Thereafter, I can just plot it:

sotu_20cent_afinn %>% 
  ggplot() +
  geom_line(aes(x = year, y = sentiment))

That’s a bit hard to interpret. geom_smooth() might help:

sotu_20cent_afinn %>% 
  ggplot() +
  geom_smooth(aes(x = year, y = sentiment))

Interesting. When you think of the tone in the SOTU addresses as a proxy measure for the circumstances, the worst phase appears to be during the 1920s and 1930s – might make sense given the then economic circumstances, etc. The maximum was in around the 1960s and since then it has, apparently, remained fairly stable.
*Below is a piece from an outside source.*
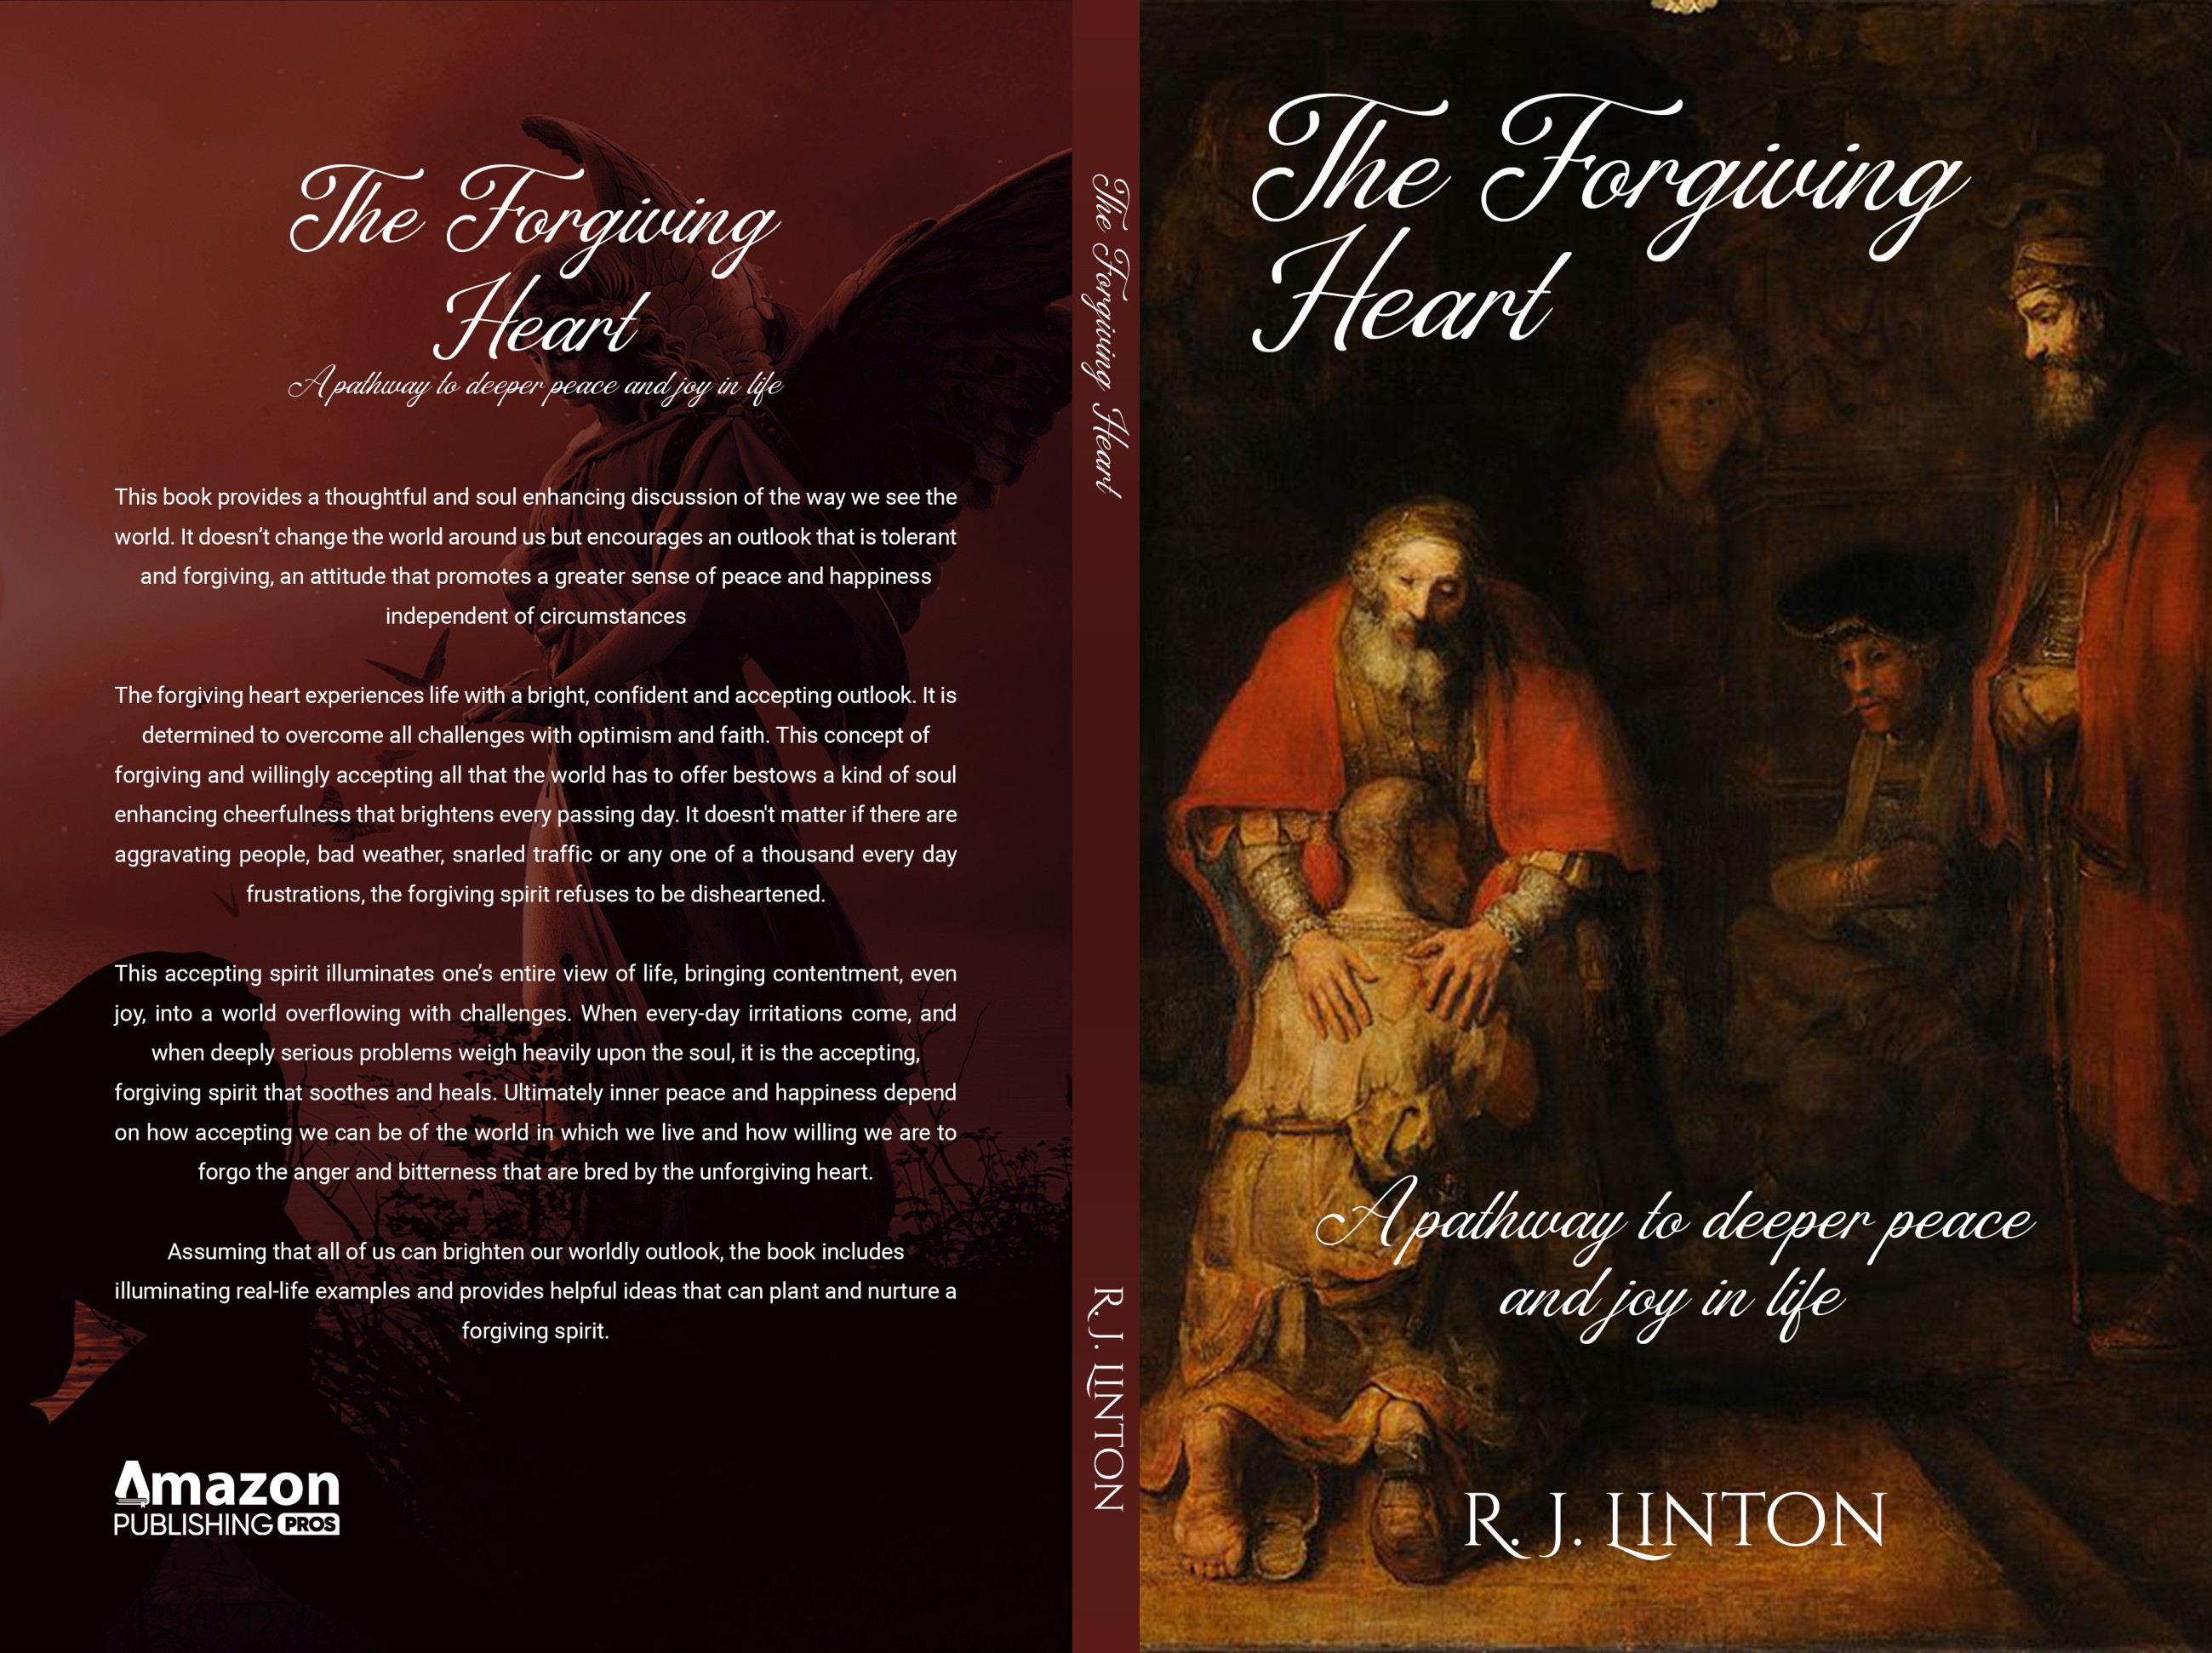 Author Roderick J. Linton's New Book "The Forgiving Heart" Discusses the Importance of Strengthening One's Faith

4.2.1 Assessing the results

However, we have no idea whether we are capturing some valid signal or not. Let’s look at what drives those classifications the most:

sotu_20cent_contribution <- get_sentiments("afinn") %>% 
  mutate(word = wordStem(word, language = "en")) %>% 
  inner_join(sotu_20cent_clean)  %>%
  group_by(word) %>%
  summarize(occurences = n(),
            contribution = sum(value))
sotu_20cent_contribution %>%
  slice_max(contribution, n = 10) %>%
  bind_rows(sotu_20cent_contribution %>% slice_min(contribution, n = 10)) %>% 
  mutate(word = reorder(word, contribution)) %>%
  ggplot(aes(contribution, word, fill = contribution > 0)) +
  geom_col(show.legend = FALSE) +
  labs(y = NULL)

Let’s split this up per decade:

get_sentiments("afinn") %>% 
  mutate(word = wordStem(word, language = "en")) %>% 
  inner_join(sotu_20cent_clean) %>%
  mutate(decade = ((year - 1900)/10) %>% floor()) %>%
  group_by(decade, word) %>%
  summarize(occurrences = n(),
            contribution = sum(value)) %>% 
  slice_max(contribution, n = 5) %>%
  bind_rows(get_sentiments("afinn") %>% 
              mutate(word = wordStem(word, language = "en")) %>% 
              inner_join(sotu_20cent_clean) %>%
              mutate(decade = ((year - 1900)/10) %>% floor()) %>%
              group_by(decade, word) %>%
              summarize(occurrences = n(),
                        contribution = sum(value)) %>% 
              slice_min(contribution, n = 5)) %>% 
  mutate(word = reorder_within(word, contribution, decade)) %>%
  ggplot(aes(contribution, word, fill = contribution > 0)) +
  geom_col(show.legend = FALSE) +
  facet_wrap(~decade, ncol = 3, scales = "free") +
  scale_y_reordered()

4.2.2 Assessing the quality of the rating

We need to assess the reliability of our classification (would different raters come to the same conclusion; and, if we compare it to a gold standard, how does the classification live up to its standards). One measure we can use here is Krippendorf’s Alpha which is defined as

\[\alpha = \frac{D_o}{D_e}\]

where \(D_{o}\) is the observed disagreement and \(D_{e}\) is the expected disagreement (by chance). The calculation of the measure is far more complicated, but R can easily take care of that – we just need to feed it with proper data. For this example I use a commonly used benchmark data set containing IMDb reviews of movies and whether they’re positive or negative.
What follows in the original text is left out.